The recent bust of a sweatshop in Newcastle, where Chinese nationals were arrested for running illegal operations and exploiting workers some reportedly paid as little as R50 a week has once again shone a harsh light on South Africa’s broken immigration and labour system. The Azania Movement is calling it exactly what it looks like: modern-day exploitation that’s been allowed to fester for far too long.
This isn’t just about one factory. It’s proof that weak enforcement lets bad actors—regardless of where they’re from get away with treating people like disposable labour. Workers living on-site in dangerous conditions, undocumented people trapped in the system, and owners dodging proper visas since as far back as 2018. It’s unacceptable, and it hurts everyone: the exploited workers, local communities, and South Africans who deserve fair jobs and protection.
The Azania Movement has been pushing this point for a while: immigration rules can’t keep being cooked up by politicians and elites in fancy offices. They have to come from the people who actually live with the consequences townships, workers, small business owners, everyday South Africans.
That’s why the Movement previously reached out to groups like Operation Dudula, urging them to team up on a real People’s Policy on Immigration and Economic Participation, something that could actually be taken to Parliament and reflect real experiences on the ground, not top-down decisions.
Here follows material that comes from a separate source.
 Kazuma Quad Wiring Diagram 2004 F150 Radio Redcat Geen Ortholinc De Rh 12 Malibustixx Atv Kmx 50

The latest example? The Draft Revised White Paper on Citizenship, Immigration and Refugee Protection that came out in December 2025 from the Department of Home Affairs. The Azania Movement flat-out rejected it because ordinary people weren’t meaningfully consulted. Real dialogue? Missing. And when policies this important are shaped without hearing from communities hit hardest, it just widens the gap between leaders and the led.
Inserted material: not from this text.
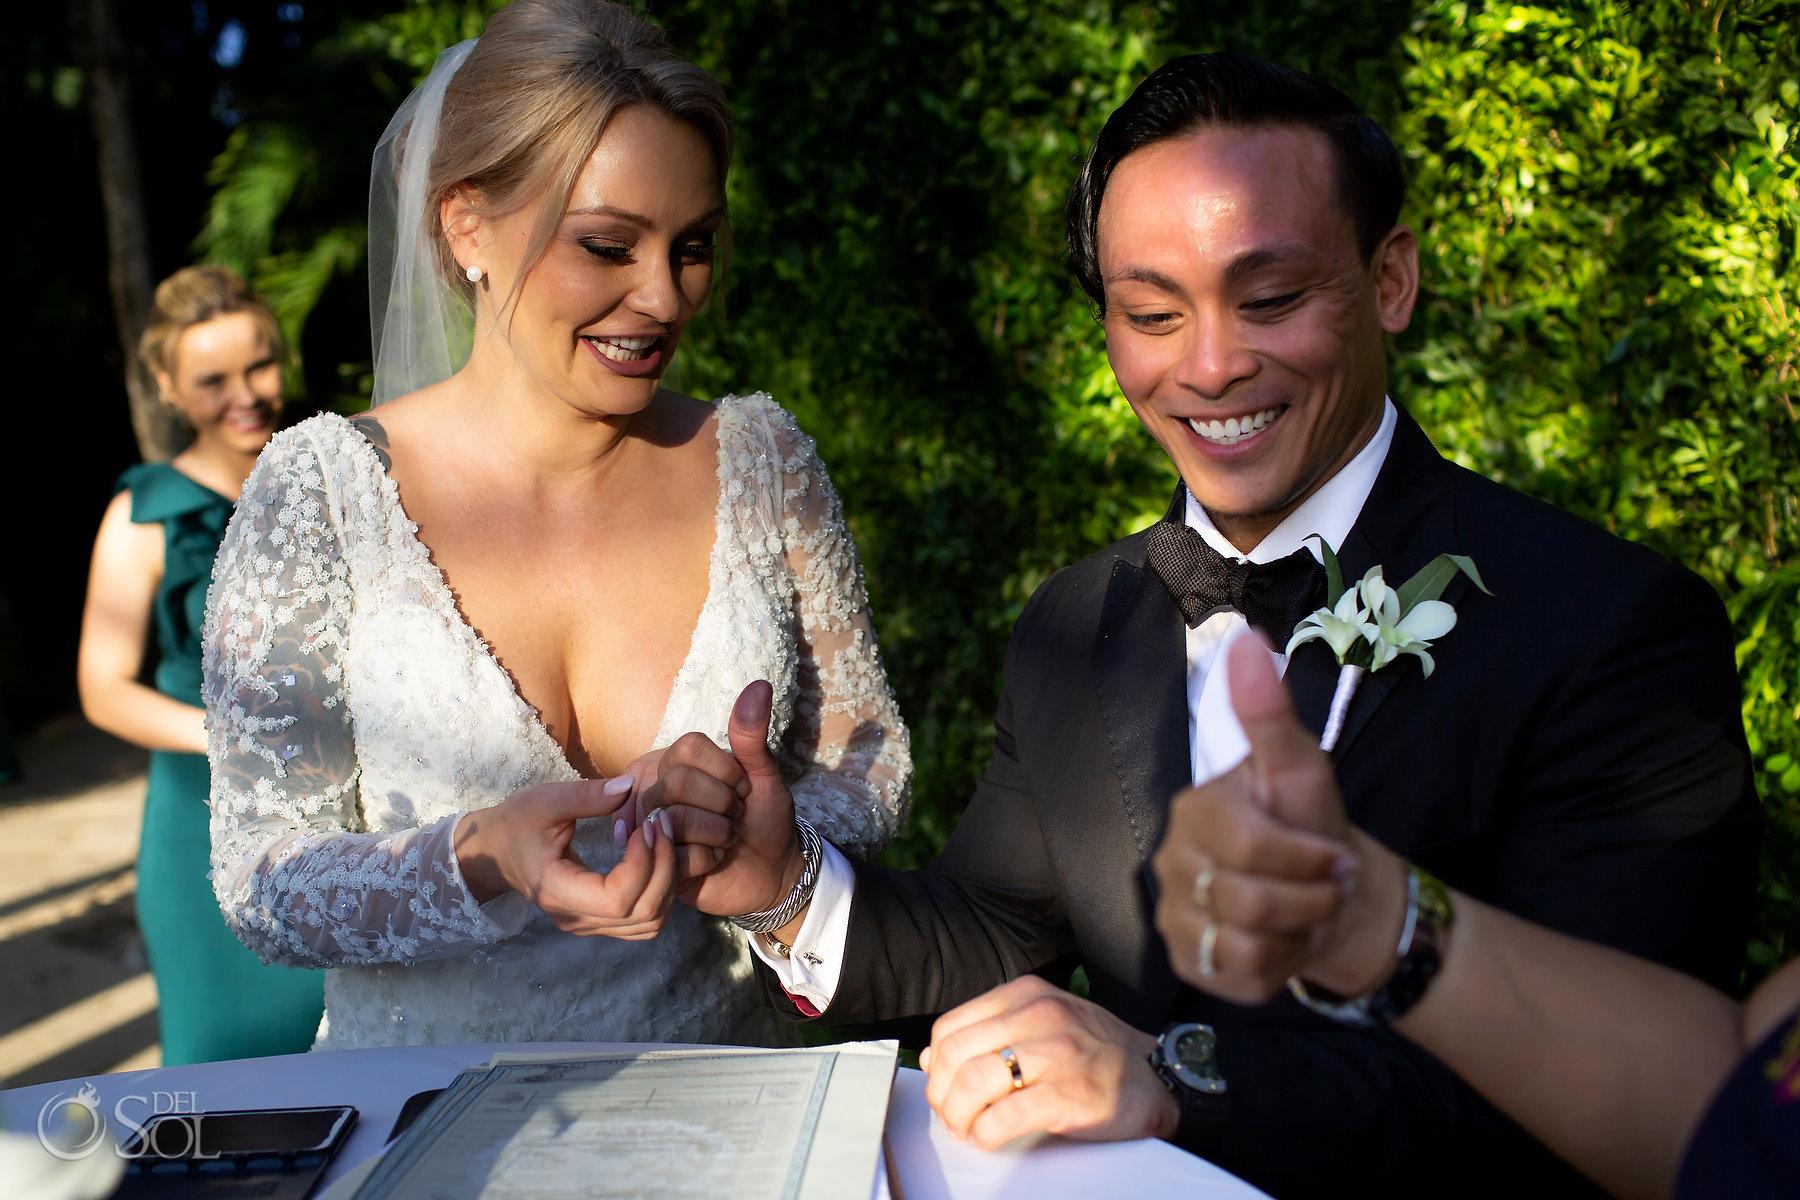 Legal wedding ceremony Playa Del Carmen Mexico finger prints

Adding fuel to the fire for many: the current Minister of Home Affairs, Leon Schreiber, who wasn’t born in South Africa (he’s originally from a German-speaking background in Europe, though he’s a long-time South African citizen and politician). The point the Movement is making is clear how can someone from outside the lived reality of most black South Africans lead on rules that shape who gets to stay, work, and build here? It feels like another layer of disconnection from the people.
But the Azania Movement is clear: any crackdown on immigration abuse has to be fair and even-handed. It can’t just target black African foreigners while turning a blind eye to others. If laws are going to be enforced, they apply to everyone no favourites, no bias. Groups like Operation Dudula need to stay consistent and non-discriminatory too.
The bigger picture is even tougher: huge chunks of South Africa’s retail, malls, hotels, and big economic sectors are owned or controlled by foreign nationals. From Sandton to Mall of Africa, the ownership story often doesn’t include black South Africans in a meaningful way. That’s not resentment, it’s reality. South Africans can’t keep being sidelined in their own economy.
The bottom line from the Azania Movement: South Africans must come first in their own country. But that priority has to happen the right way lawfully, without hate or unfair targeting, and with ordinary people right in the middle of deciding how. They want a proper national conversation that actually protects workers from exploitation, shuts down these sweatshops and abuses, and starts rebuilding real economic ownership for black South Africans.
Until immigration and economic policies start listening to the people instead of the powerful few, problems like the Newcastle sweatshop will keep happening and everyone loses.